What is self-supervised learning on graphs?

Self-supervised learning (SSL) on graphs trains GNNs without task-specific labels by creating training signal from the graph structure itself. Examples: mask some node features and predict them, mask some edges and predict them, or create two views of the same graph and train the model to recognize them as the same. The resulting model learns general graph representations useful for many downstream tasks.

Why is self-supervised learning important for graphs?

Graph data is abundant but labels are scarce. A bank has billions of transactions (edges) but only thousands of confirmed fraud labels. SSL leverages the unlabeled graph structure to learn representations, then fine-tunes with the few available labels. This dramatically improves performance when labeled data is limited.

What are the main SSL approaches for graphs?

Three categories: (1) Contrastive: learn by comparing similar (positive) and dissimilar (negative) graph views. (2) Generative: learn by reconstructing masked parts of the graph (features or edges). (3) Predictive: learn by predicting structural properties (degree, clustering coefficient, subgraph patterns). Contrastive methods currently dominate.

What is graph masking?

Graph masking is a generative SSL strategy: randomly mask (remove) some node features or edges, then train the GNN to reconstruct the masked elements. This is the graph equivalent of masked language modeling (BERT). The model learns to predict missing information from context, developing rich structural understanding.

How does SSL relate to foundation models like KumoRFM?

KumoRFM is a graph foundation model pre-trained with SSL on diverse relational databases. The SSL pre-training teaches the model general patterns about relational data structure. When applied to a new database, it can make zero-shot predictions without any task-specific training, or be fine-tuned for maximum accuracy.

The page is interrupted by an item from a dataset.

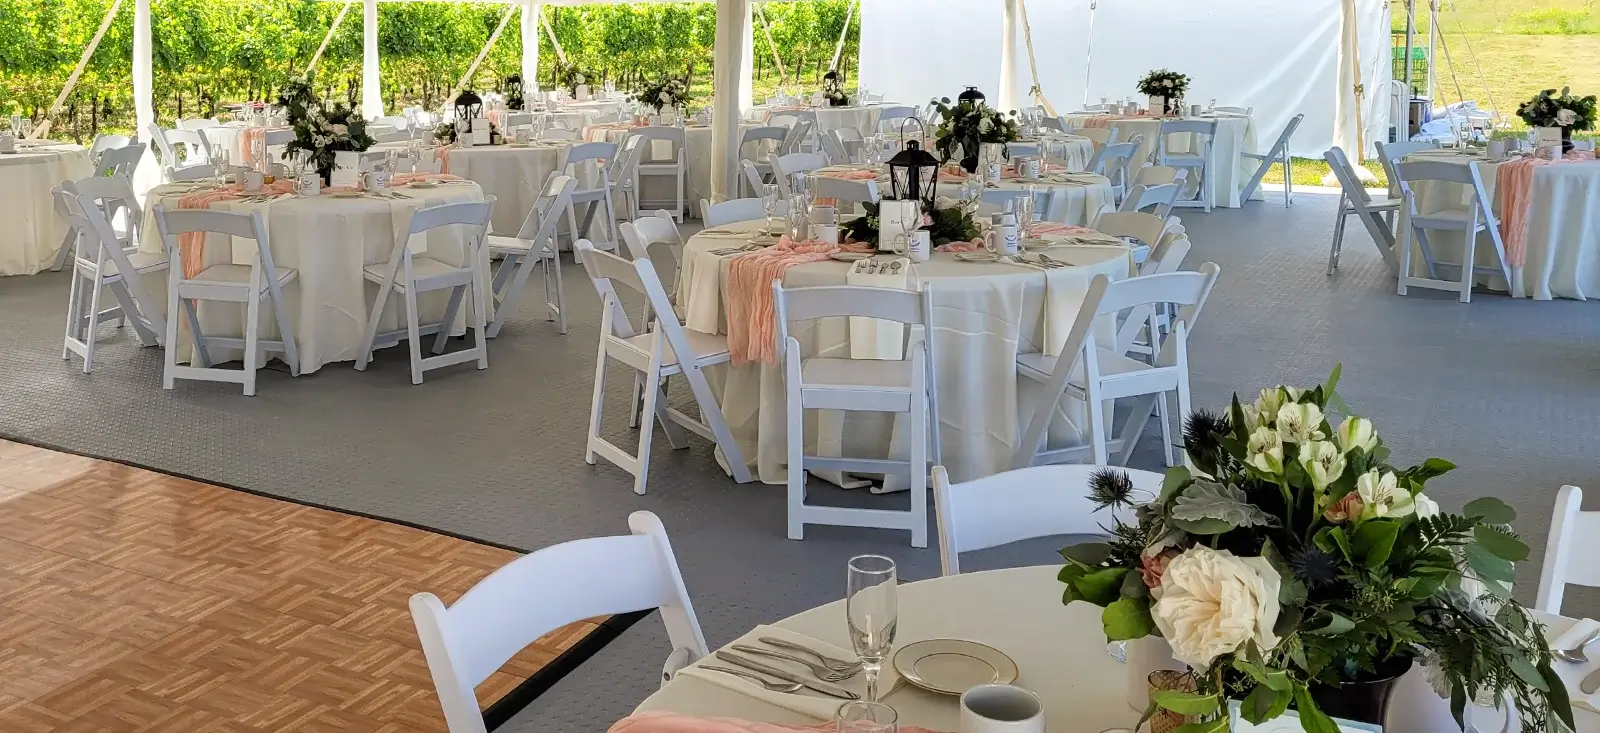 A tent event with FastDeck event flooring and a dance floor

Self-Supervised Learning on Graphs: Pre-Training GNNs Without Labels | Kumo.ai

Self-supervised learning pre-trains GNNs without task labels by creating training signal from the graph structure itself. The key insight: a graph contains far more information in its structure (edges, neighborhoods, communities) than in its labels. SSL extracts this structural information into general-purpose node representations that can then be fine-tuned for any downstream task with very few labels.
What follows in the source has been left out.